> [THE DATA]:
__________________________________________________

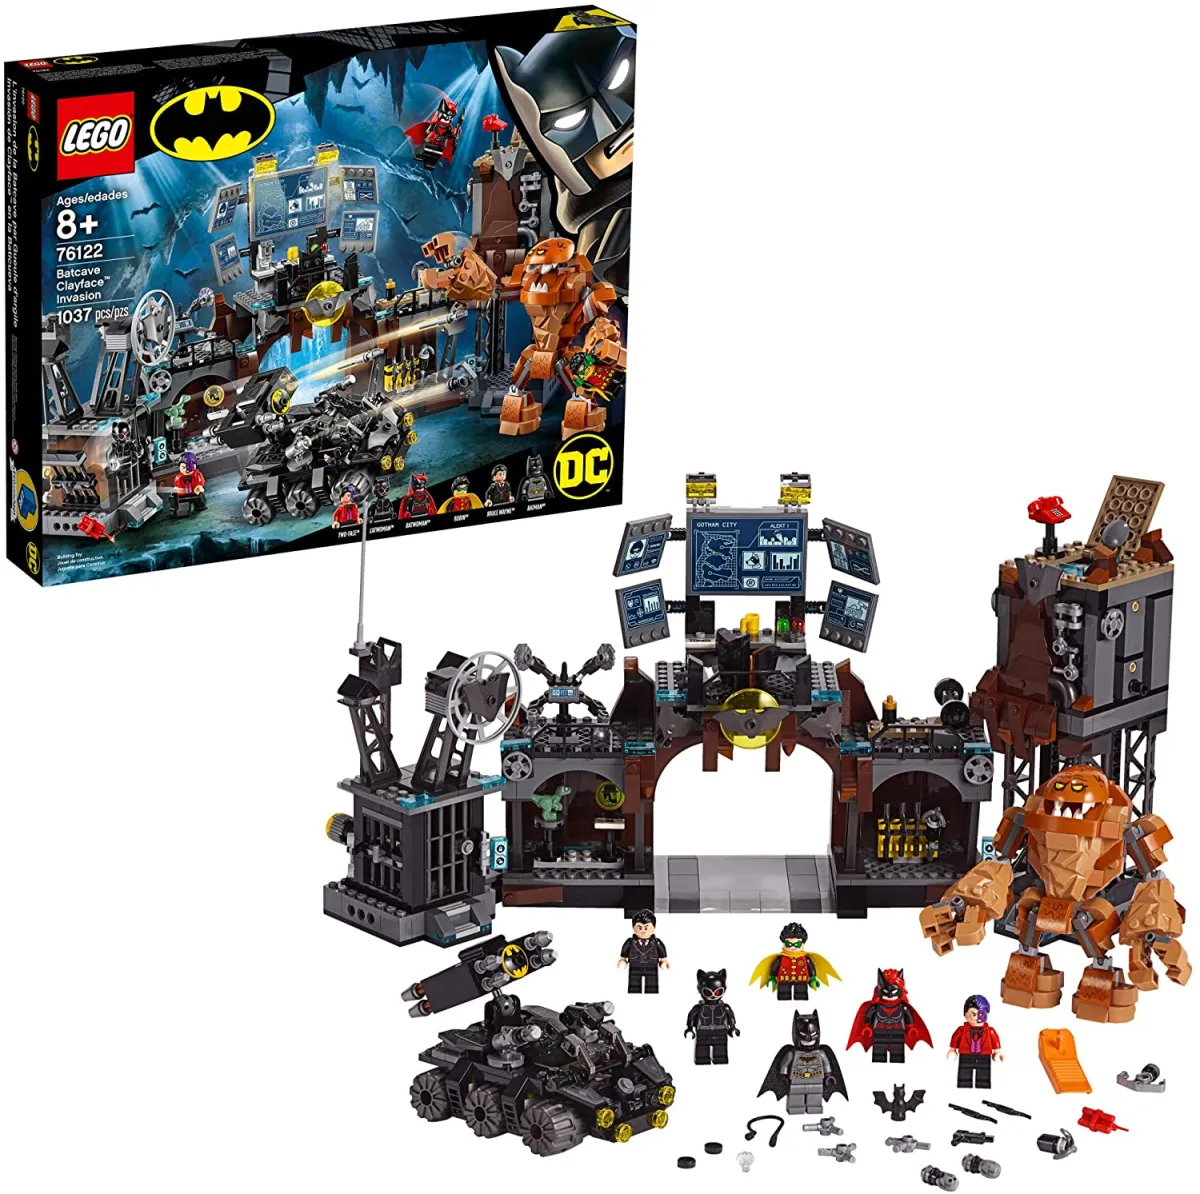 Genuine】LEGO Bộ xây dựng đồ chơi Người dơi DC Batman Cave Clayface Invasion  76122 với
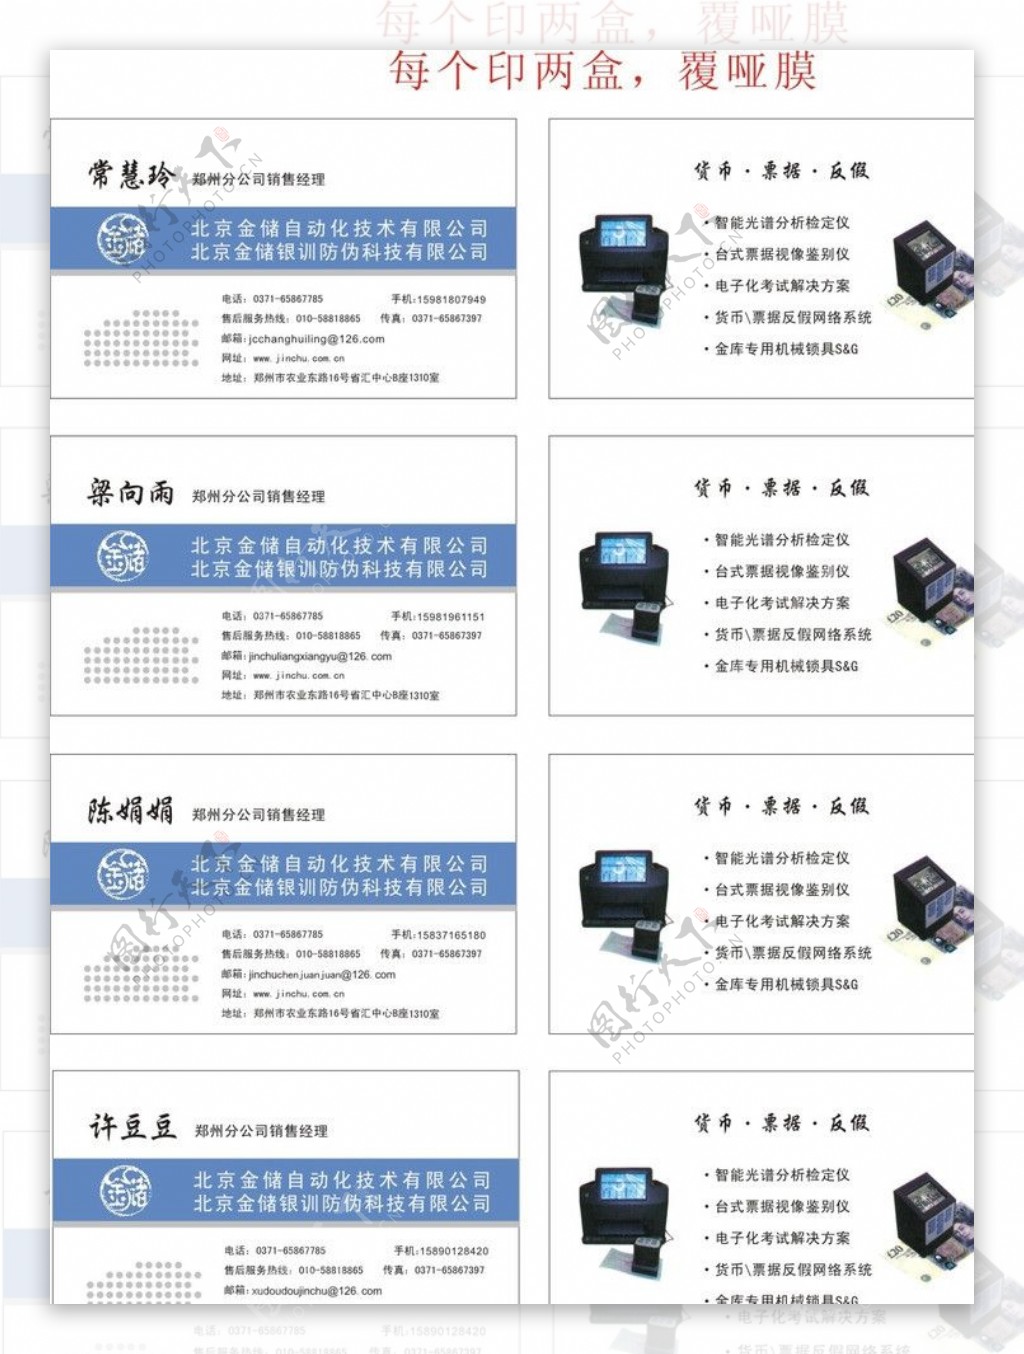 北京金储自动化技术名图片
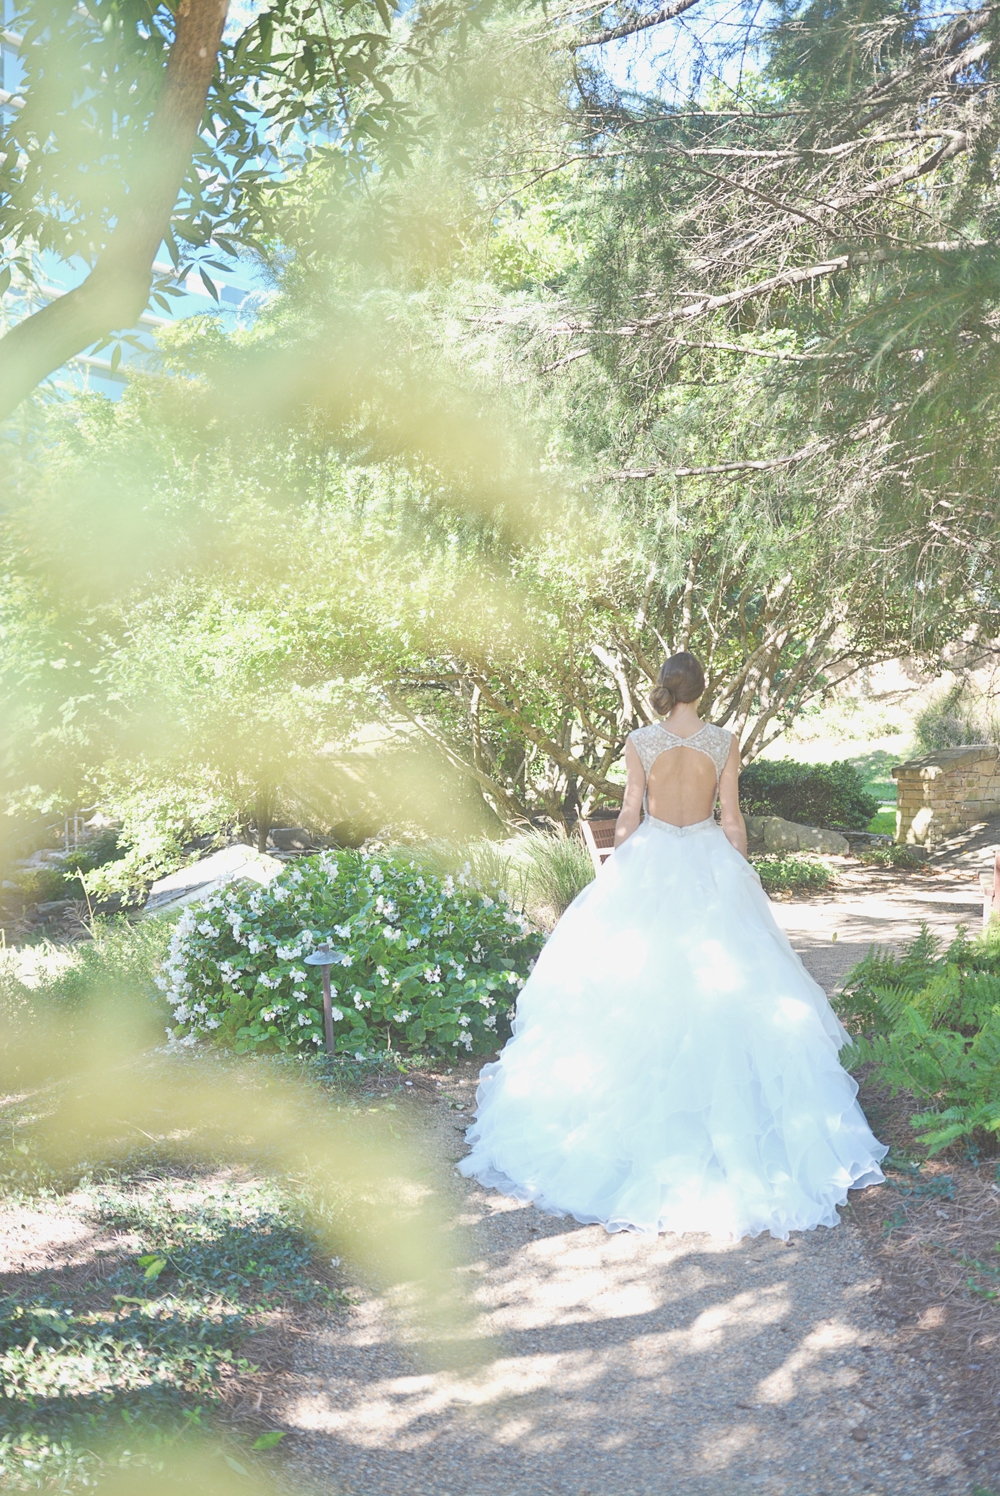 Wedding at Villa Christina at Hyatt Perimiter - Anya Bridal Catalog - Six Hearts Photography013

__________________________________________________

> [TASK ITEM]: Reproduce the listing above exactly, without a single picture.

> [EXERCISE OUTPUT]:
 Genuine】LEGO Bộ xây dựng đồ chơi Người dơi DC Batman Cave Clayface Invasion  76122 với
 北京金储自动化技术名图片
 Wedding at Villa Christina at Hyatt Perimiter - Anya Bridal Catalog - Six Hearts Photography013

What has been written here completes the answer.